Le cinéma kurde à l’honneur

Du 5 au 9 octobre prochains se tient à Agadir, à la Chambre de Commerce d’Industrie et de Services, la 4ème édition du Festival Issni N’Ourgh du film amazigh organisée en partenariat avec l’Institut royal de la culture amazighe et le Conseil Municipal d’Agadir, et en collaboration avec le CCM et la Commission du Film de Ouarzazate.

31 films en compétition pour “s’ouvrir sur l’autre”

A cette occasion, ce sera cette année un hommage au cinéma kurde qui sera rendu.

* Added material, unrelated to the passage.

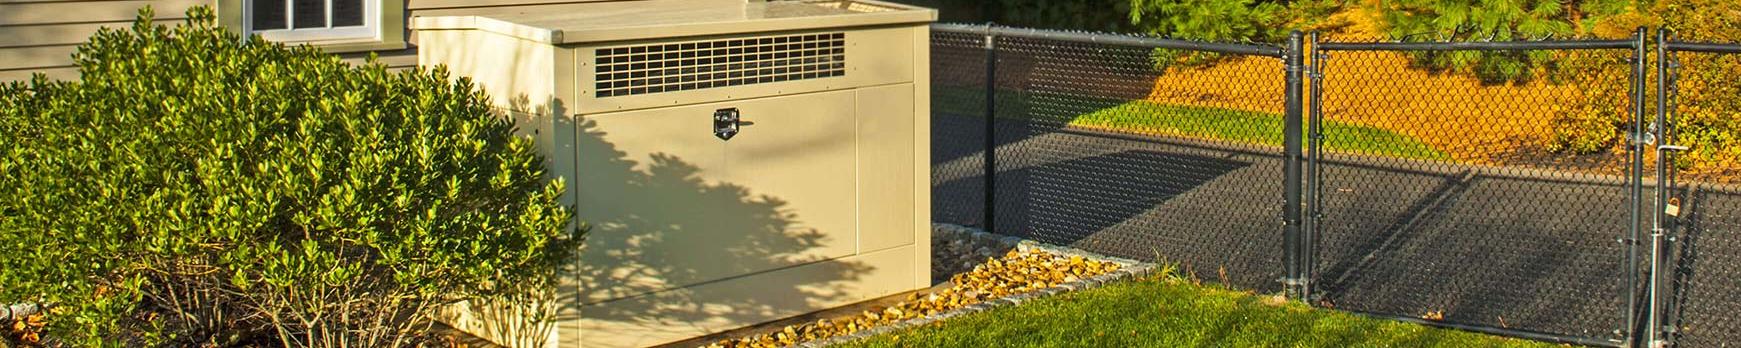 home backup generator in Richmond VA
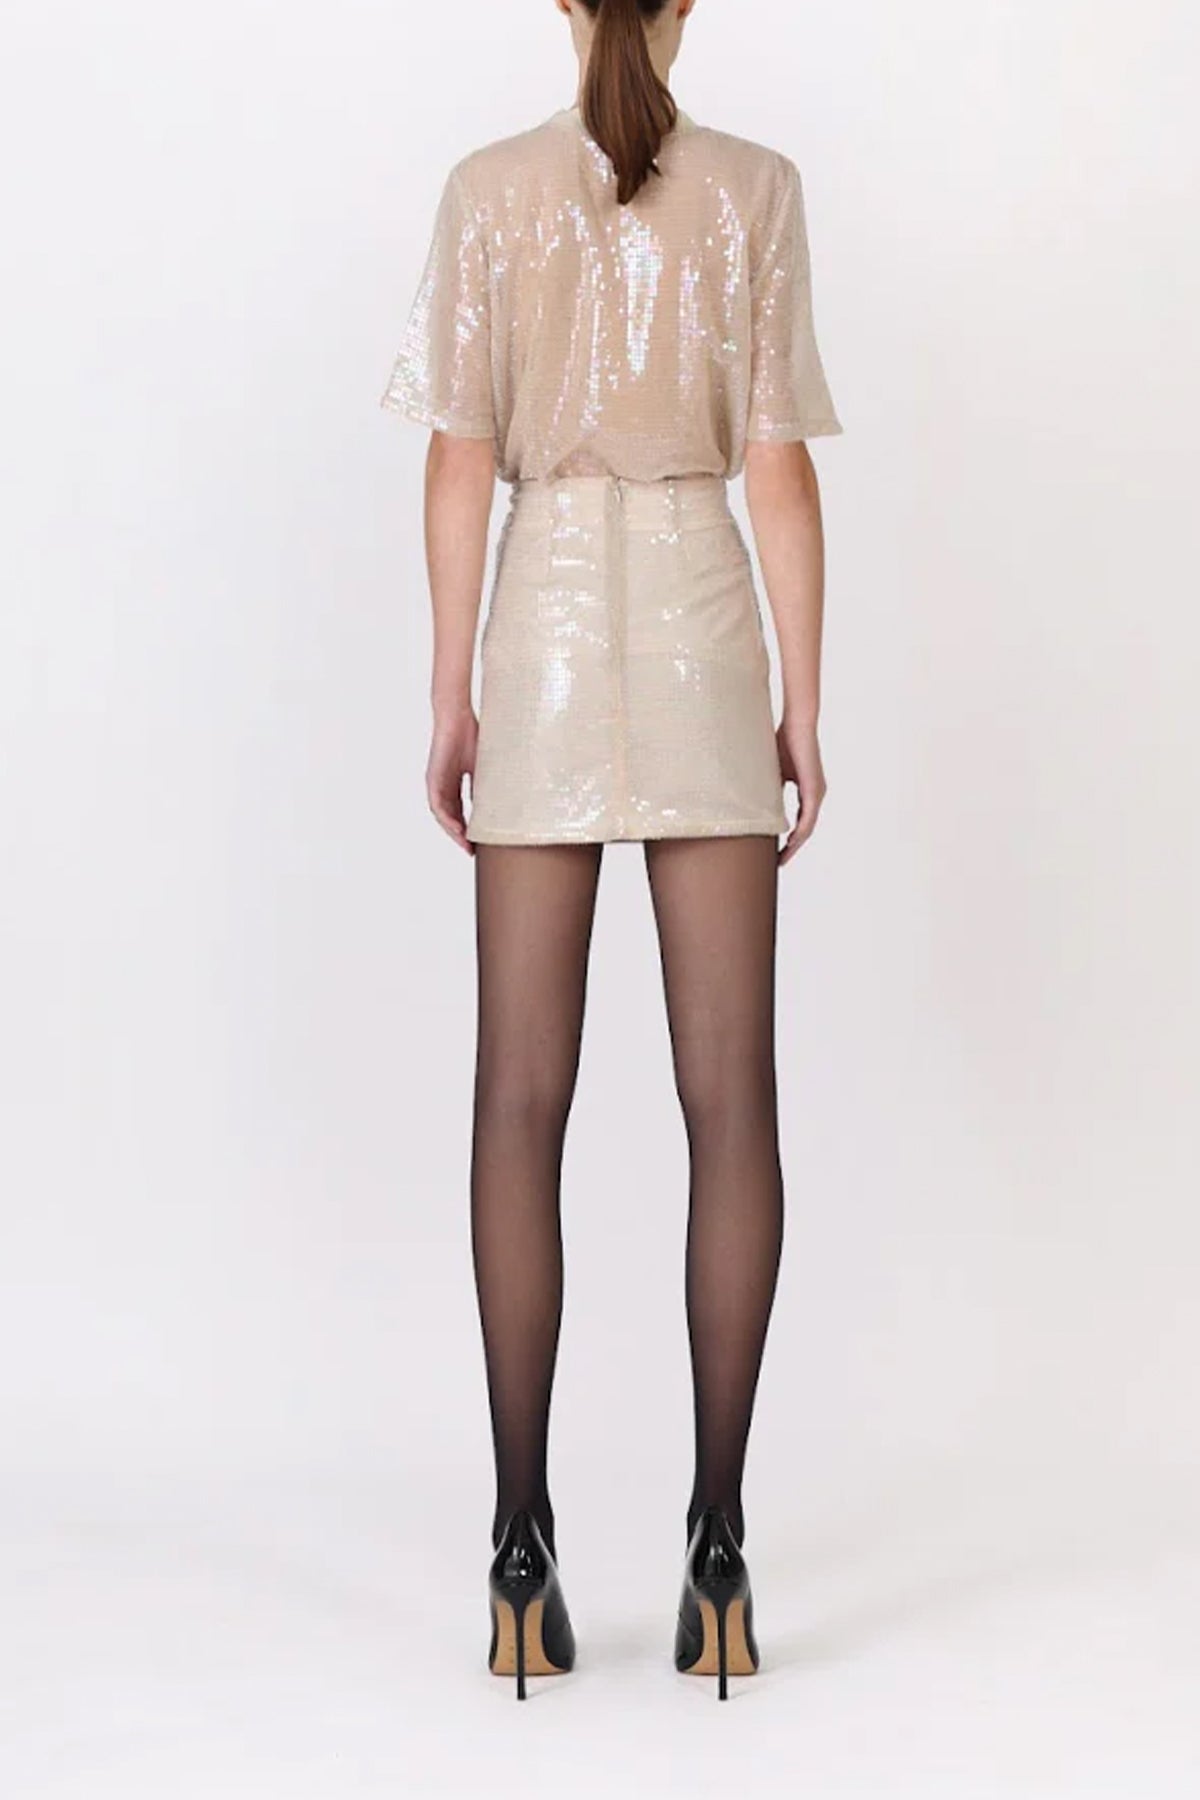 Valerie Sequin Skirt in Blush - shop-olivia.com

Côté films en compétition officielle, ils seront pour cet opus plus de 31 films (longs métrages, courts métrages, vidéos et documentaires), dont 22 en avant première, à être présentés et provenant de pays divers tels que la France, le Niger, le Mali, l’Algérie, la Suisse, le Canada, la Turquie et le Maroc.

Une grande diversité de supports et de pays d’origine, en lien avec le leit motiv de l’évènement.

“Le Festival vise à s’ouvrir sur l’autre et s’offrir une acculturation pure et parfaite.”

Les organisateurs.

Hommage à la chanson algérienne, exposition et ateliers

Le Festival recevra cette année en guest star le chanteur algérien Lounis Ait Menguellet./DR
Le Festival recevra cette année en guest star le chanteur algérien Lounis Ait Menguellet./DR
A noter qu’à côté de la compétition, le Festival recevra également une guest star, le chanteur algérien Lounis Ait Menguellet, dont Kateb Yacine disait qu’il est “le plus grand poète d’Algérie”.

Parallèlement aux projections cinématographiques, le Festival organise également des ateliers – notamment au profit des jeunes – sur le découpage technique, le reportage, le documentaire et l’identité, qui seront animés et encadrés par le réalisateur Algérien Ali Mouzaoui, le réalisateur Kurde Khalil Manou et Tahar Houchi, le directeur du Festival international du film oriental de Genève.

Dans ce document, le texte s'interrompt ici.